> **RAW DATA**
____
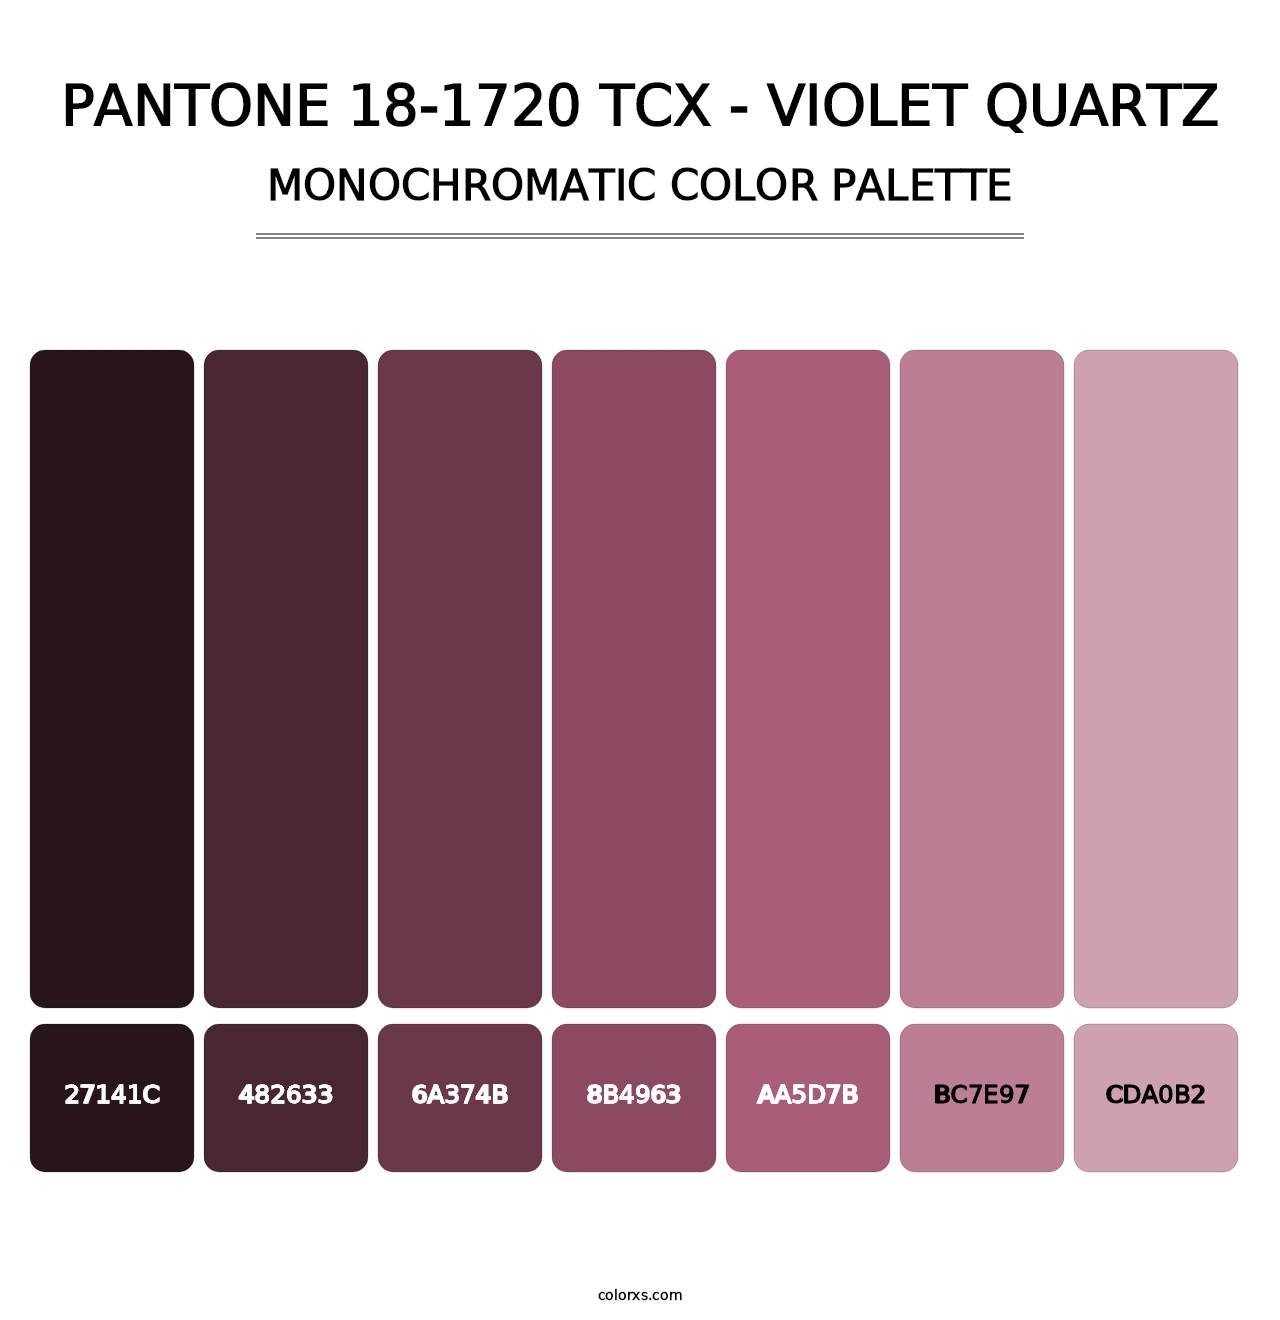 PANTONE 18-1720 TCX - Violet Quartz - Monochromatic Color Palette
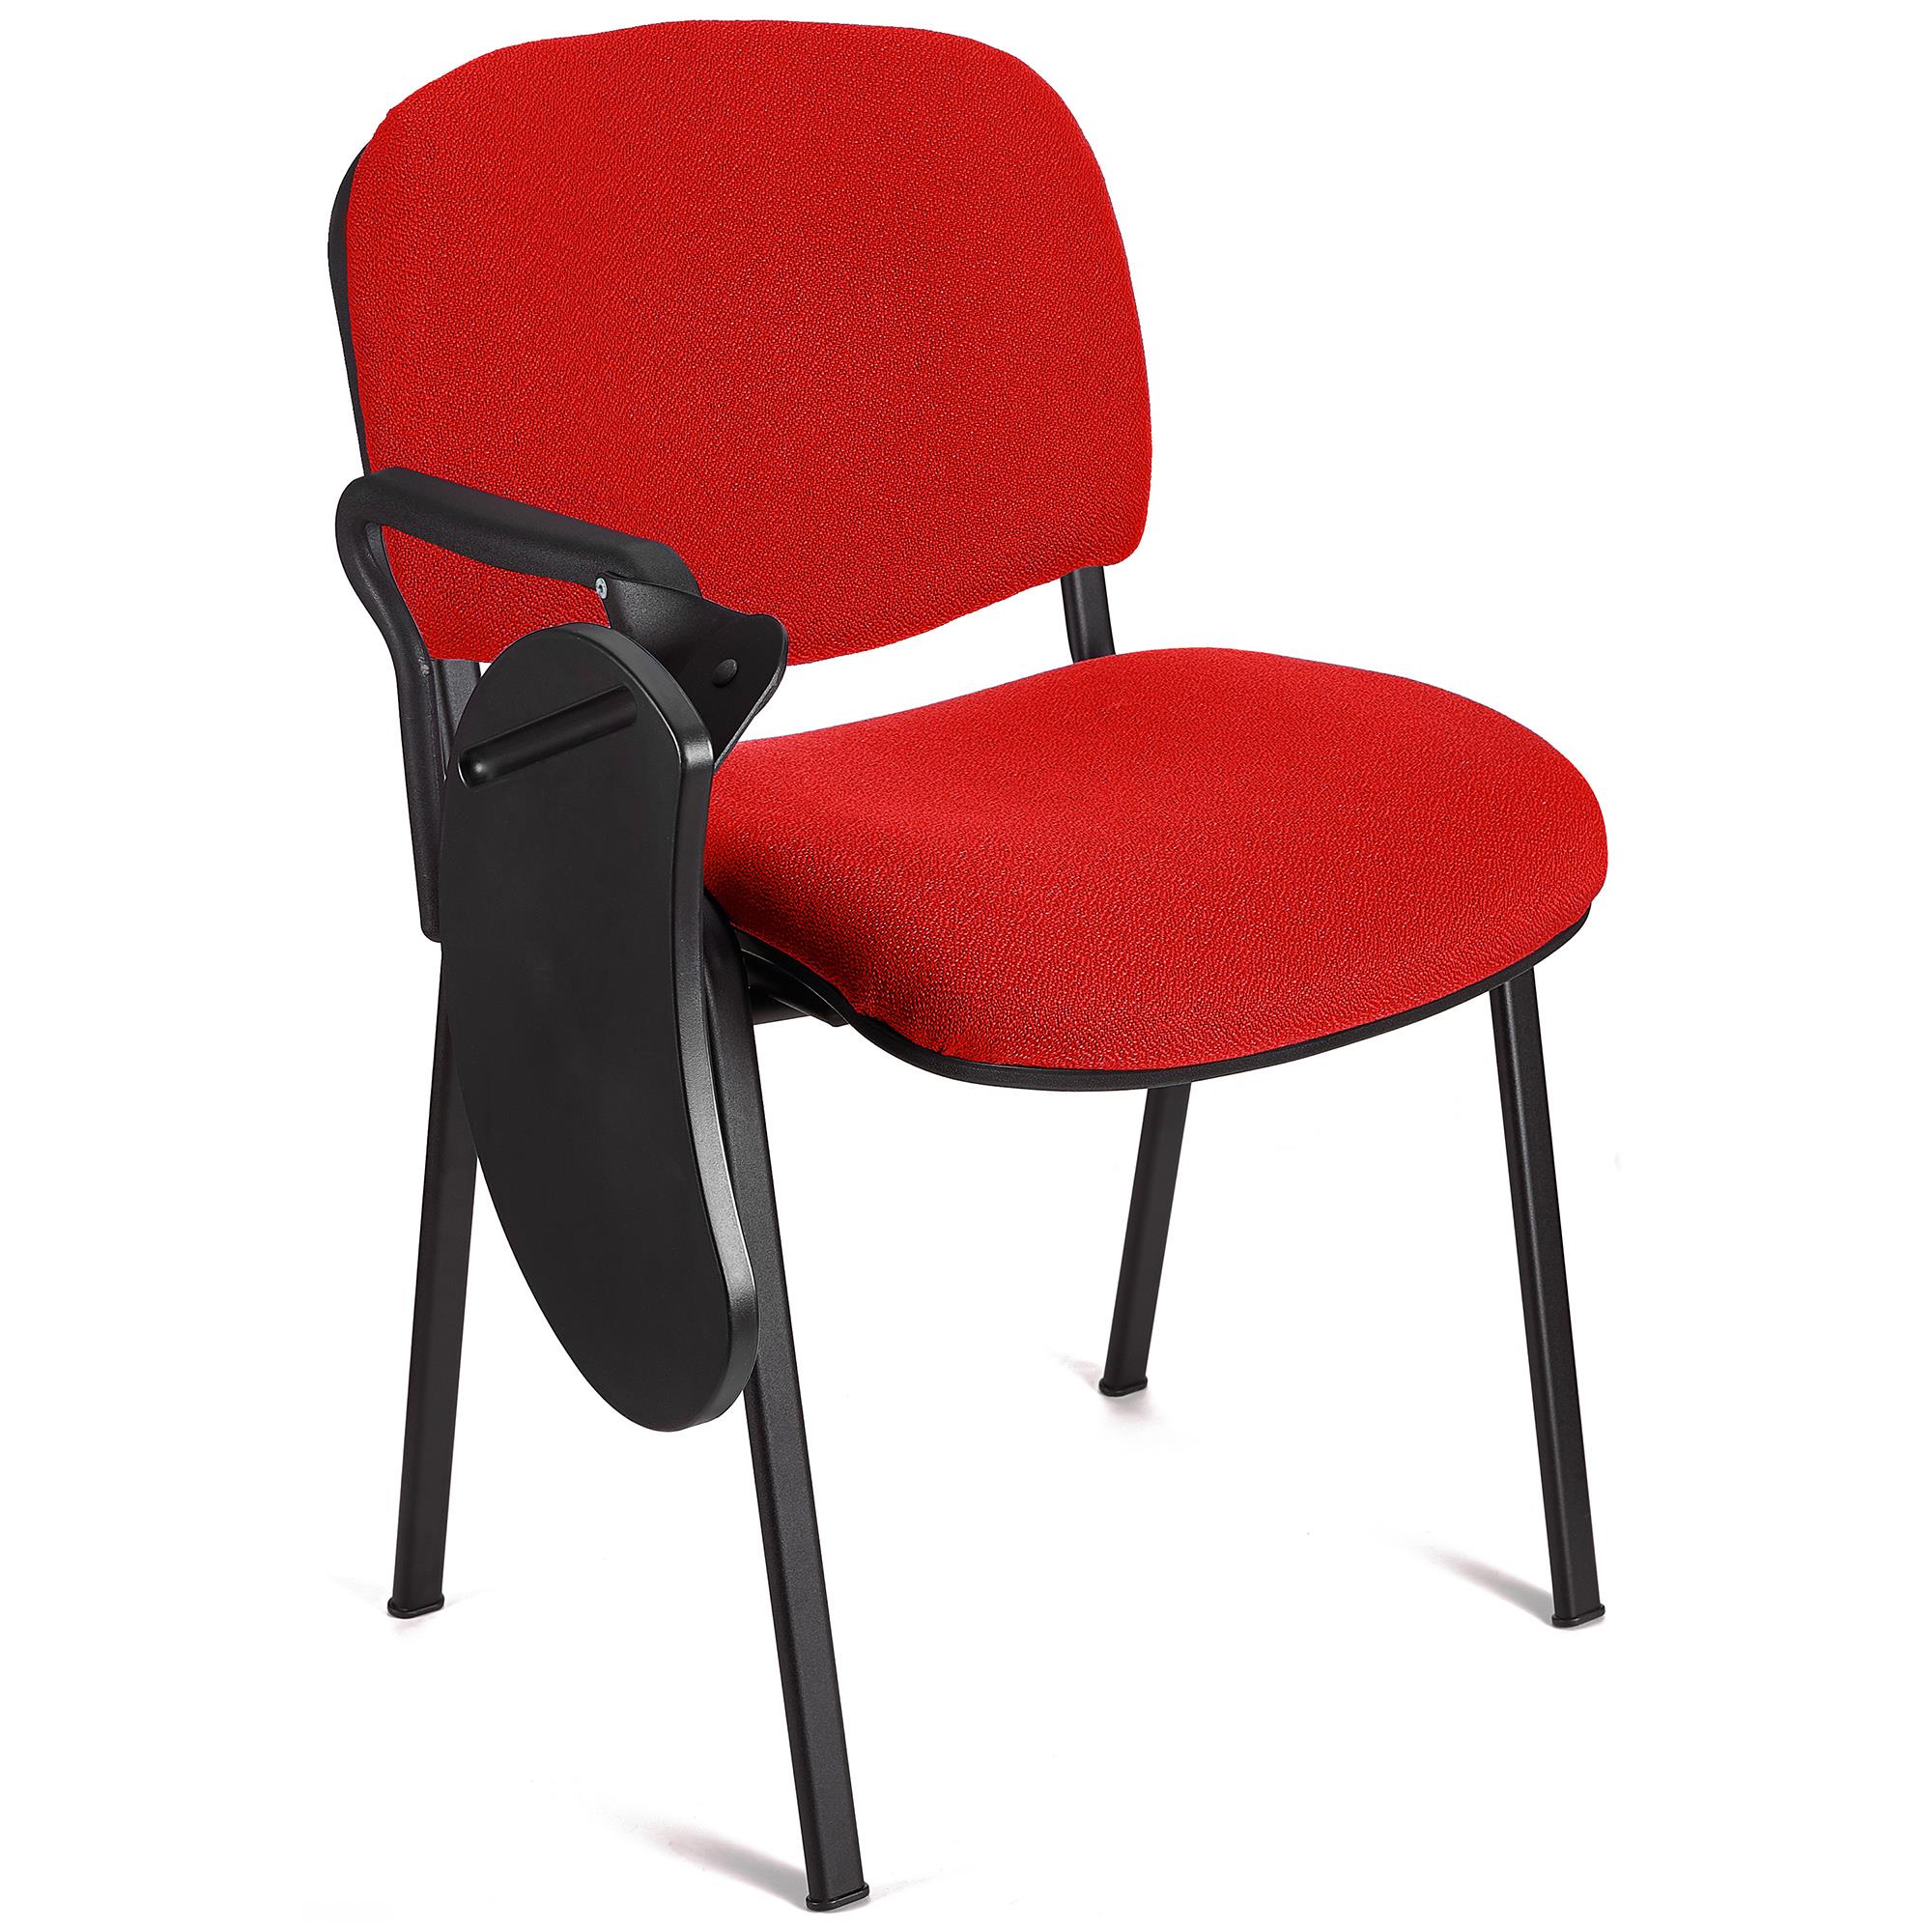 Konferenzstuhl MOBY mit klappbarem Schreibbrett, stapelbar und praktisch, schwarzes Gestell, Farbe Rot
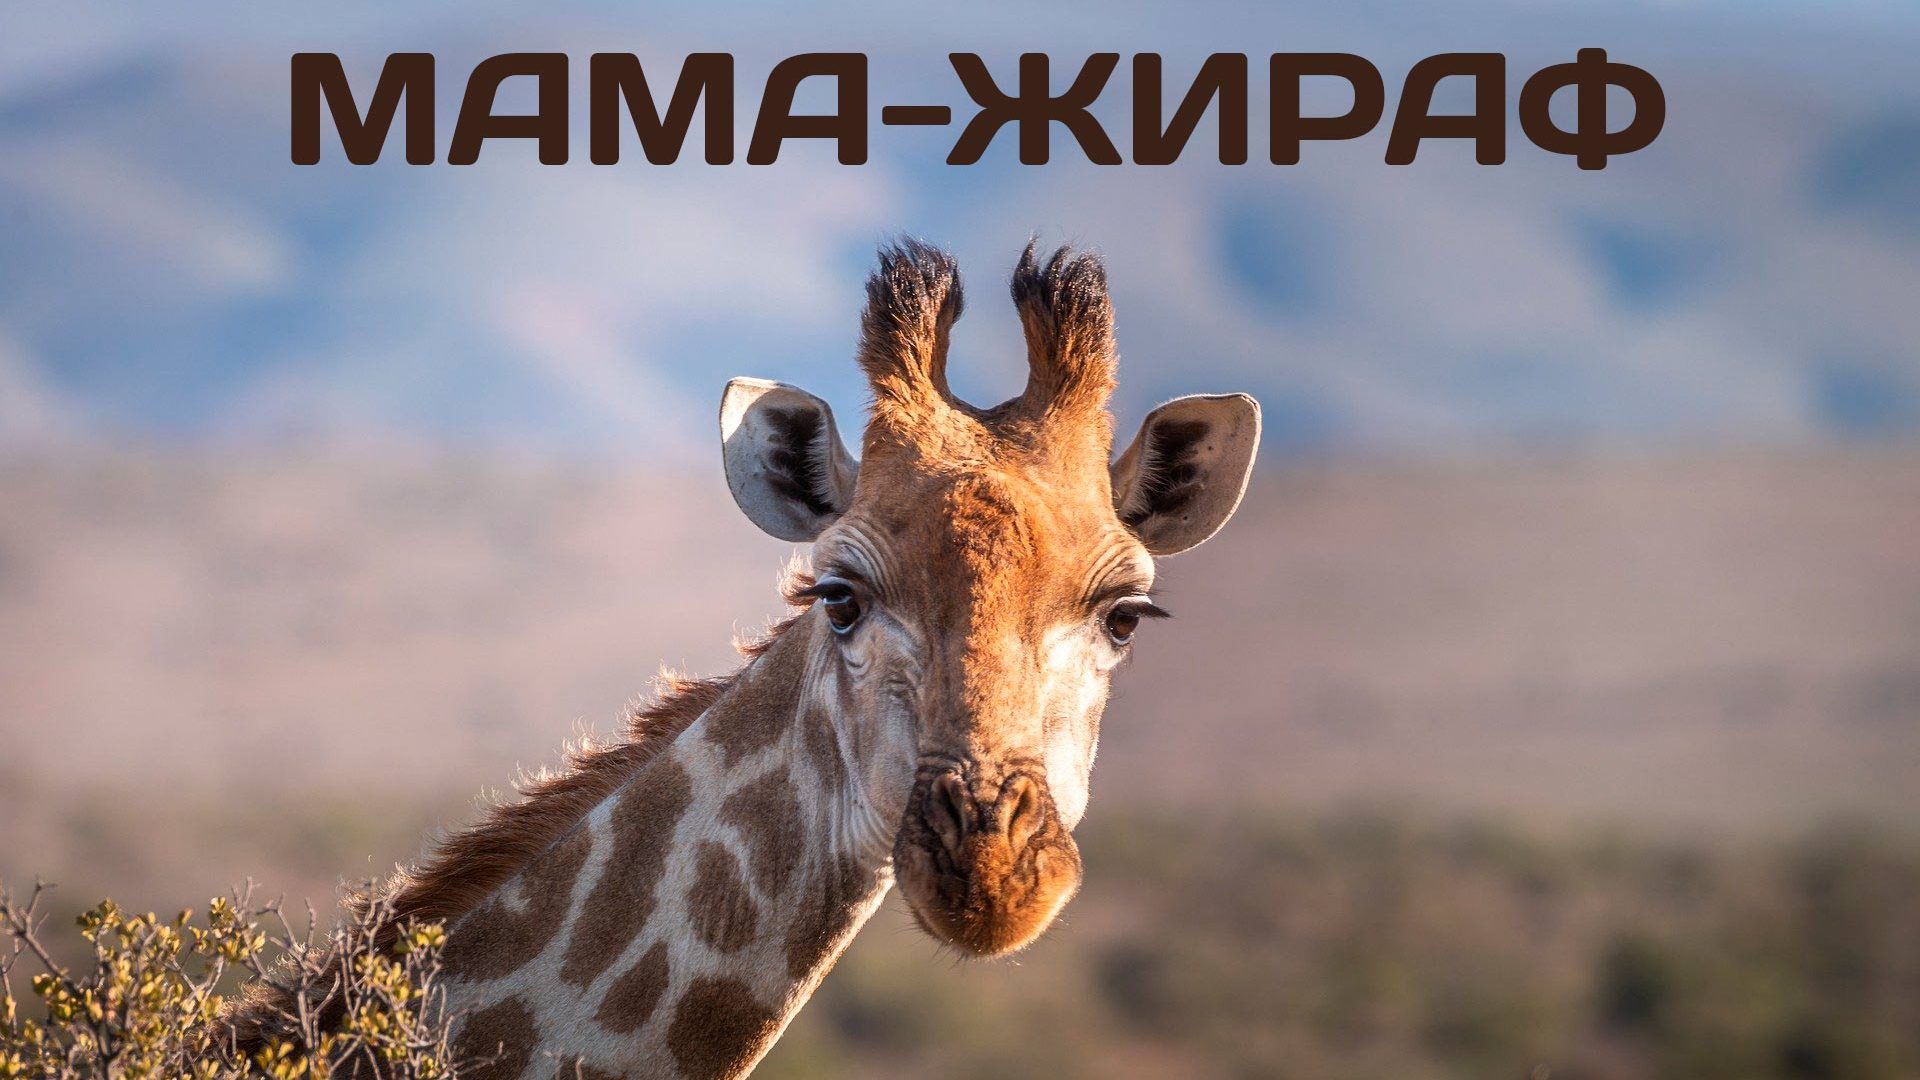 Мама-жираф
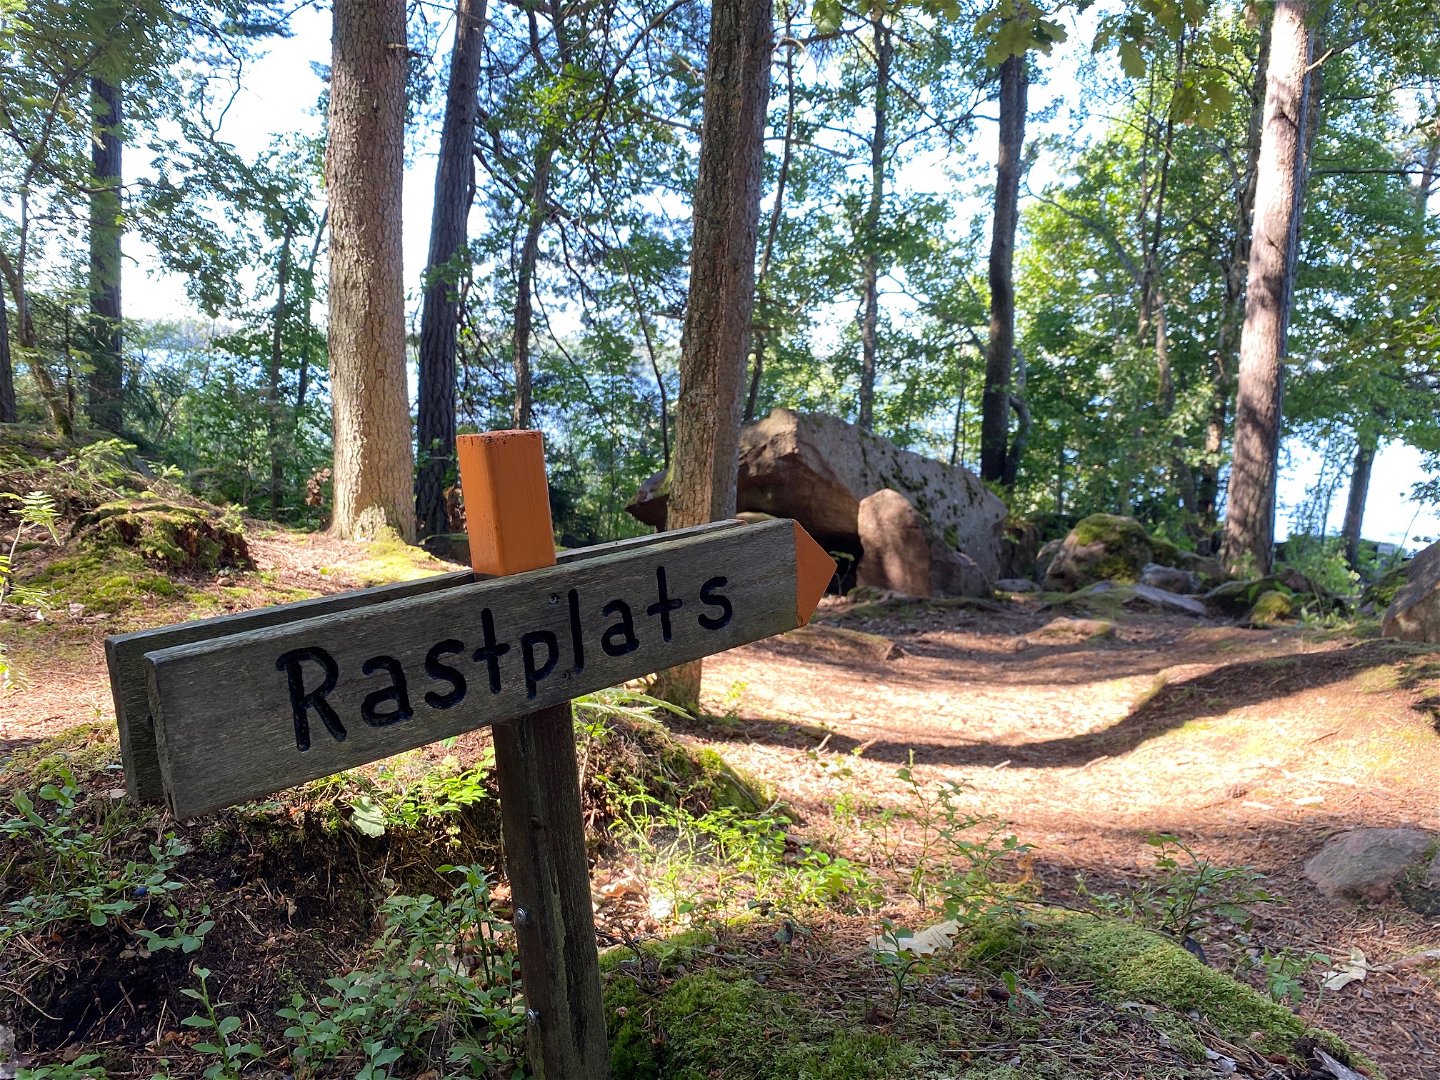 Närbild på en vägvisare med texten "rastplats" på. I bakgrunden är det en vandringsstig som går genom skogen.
____
> **EXERCISE**
Set down nothing but the lines from the one containing "Konferenzstuhl MOBY mit" to the final line above, both included, with every picture left out.

> **TASK SOLUTION**
 Konferenzstuhl MOBY mit klappbarem Schreibbrett, stapelbar und praktisch, schwarzes Gestell, Farbe Rot
 Мама-жираф
 Närbild på en vägvisare med texten "rastplats" på. I bakgrunden är det en vandringsstig som går genom skogen.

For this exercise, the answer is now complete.